Set it and forget it – For those who aren’t already making regular contributions to a 529 account, many plans offer an automatic investing program that can make saving easier. Automatic-investing programs set up scheduled, automatic bank transfers at a specific amount and frequency. Even better, many plans allow relatives and friends to set up their own automatic payments, too.
Now and later – Saving for college and retirement doesn’t have to be an either-or situation, but retirement should be a priority. Ideally, families will strike a balance that works for them, but while there are quite a few options to fund education, borrowing for retirement isn’t an option. Sacrificing saving for later years could be detrimental to your future quality of life.

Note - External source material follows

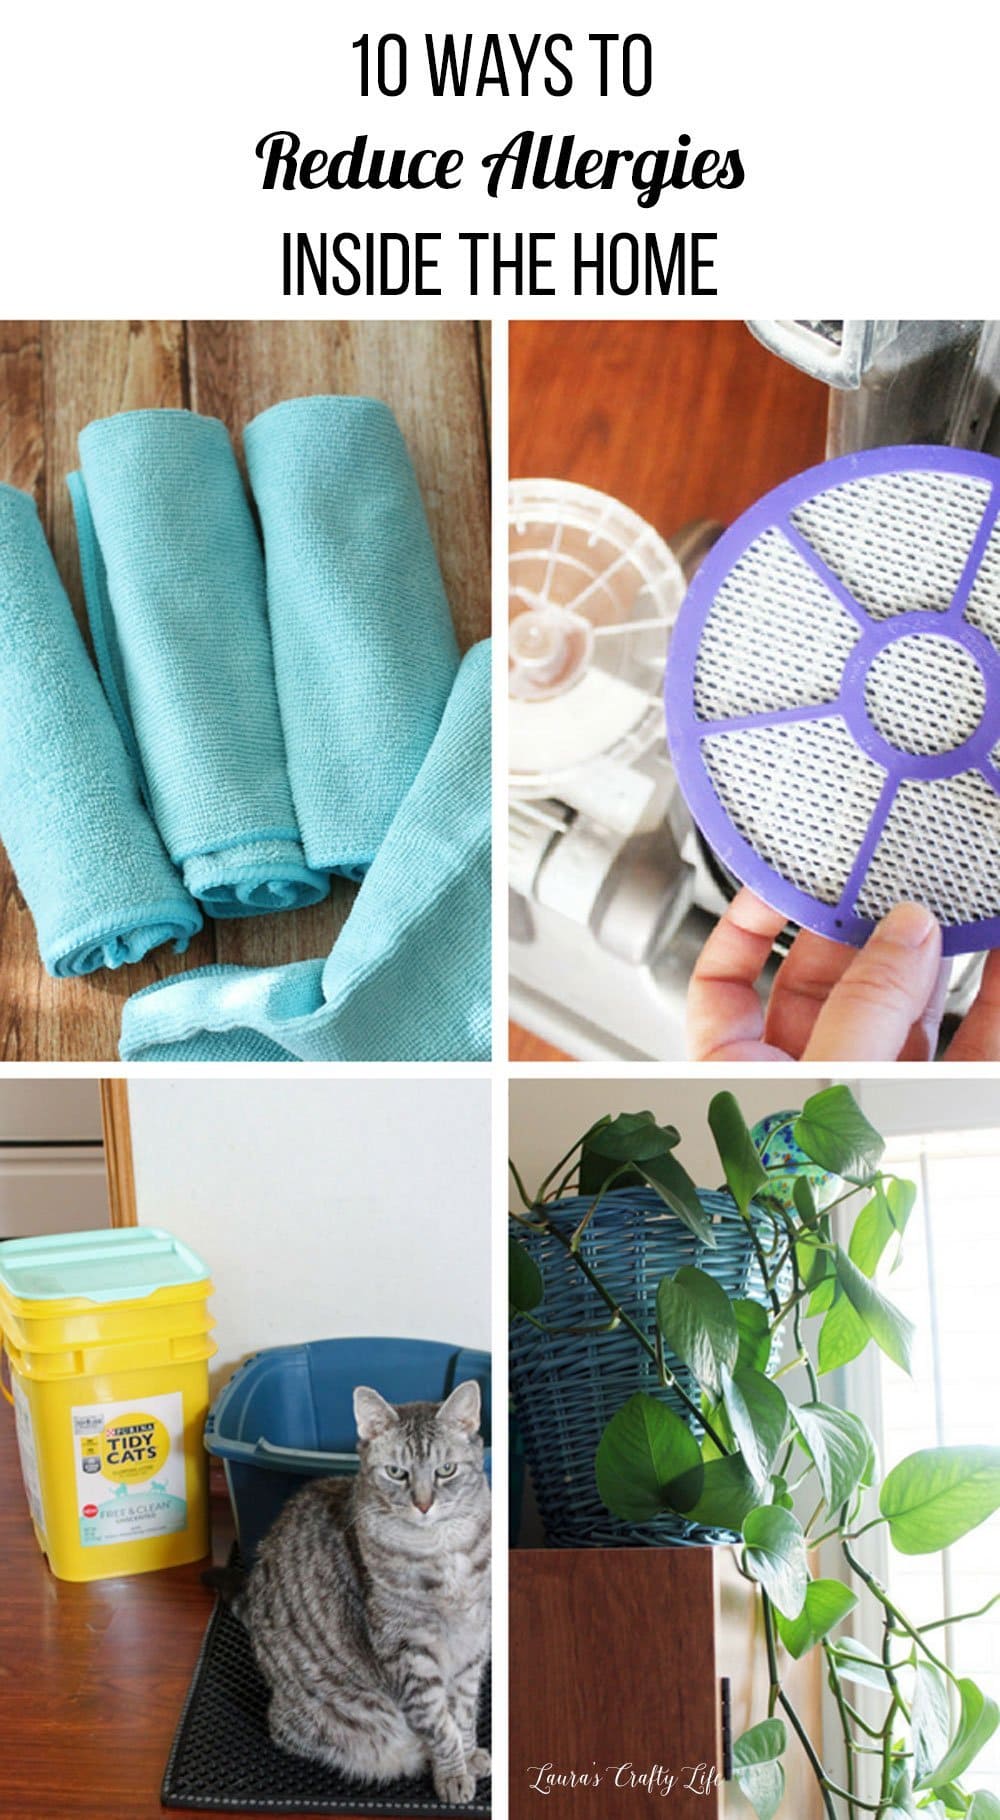 10 ways to reduce allergies inside the home #shop

With a little help from my friends – Relatives and friends contributed an average of $548 toward tuition in the 2021-22 academic year.1 While this is certainly helpful, a similar contribution to a 529 plan when a child is young could grow to substantially more through compounding. Investment returns are not guaranteed, and you could lose money by investing in a 529 plan. Many 529 accounts even provide a gifting link that can be easily shared.
Wiggle room – Today’s 529 savings accounts are more flexible than ever. Qualified tuition expenses include not only colleges and universities, but also two-year colleges, trade and vocational schools, apprenticeship programs,2 and private or religious K-12 programs.3
A full 180 – If your student has a change of heart and decides to forego higher-ed altogether, 529 account holders are not completely out of luck. 529 plans never “expire,” beneficiaries can be changed, and funds can be rolled over to relatives of the beneficiary or saved for future grandchildren.
More ways to save – There are additional strategies that can help reduce borrowing costs. For example, earning college credits through AP classes in high school, completing general-education classes at a local community college, and taking advantage of federal student aid through the Free Application for Federal Student Aid (FAFSA) (FIGURE 2).
Not all aid is created equal – There are four main types of financial aid: grants, scholarships, work-study programs, and loans. Grants and scholarships are essentially free money that doesn’t have to be repaid. Grants are need-based, and students are automatically considered when they submit their FAFSA. Scholarships are merit-based, and students have to apply for them on an individual basis. Federal work-study programs are need-based part-time employment opportunities awarded through the FAFSA.
Are we there yet? – Once a student heads off to school, there are still benefits to contributing to a 529 account. Tucking away a little extra money to help pay for those years of school allows savers to take advantage of potential short-term growth, and withdrawals to cover qualified education costs are still tax-free.4
Game of loans – For borrowers, repayment won’t begin until six months after graduation or after dropping below half-time enrollment; funds in a 529 plan can be used to repay up to $10,000 of qualified student loans.5 To help further whittle away at their balance, grads may want to consider making additional payments, setting up automatic payments, or refinancing. In addition, most federal-loan providers offer income-driven repayment plans, some employers offer student-loan assistance benefits, and loan-forgiveness programs may apply to certain occupations.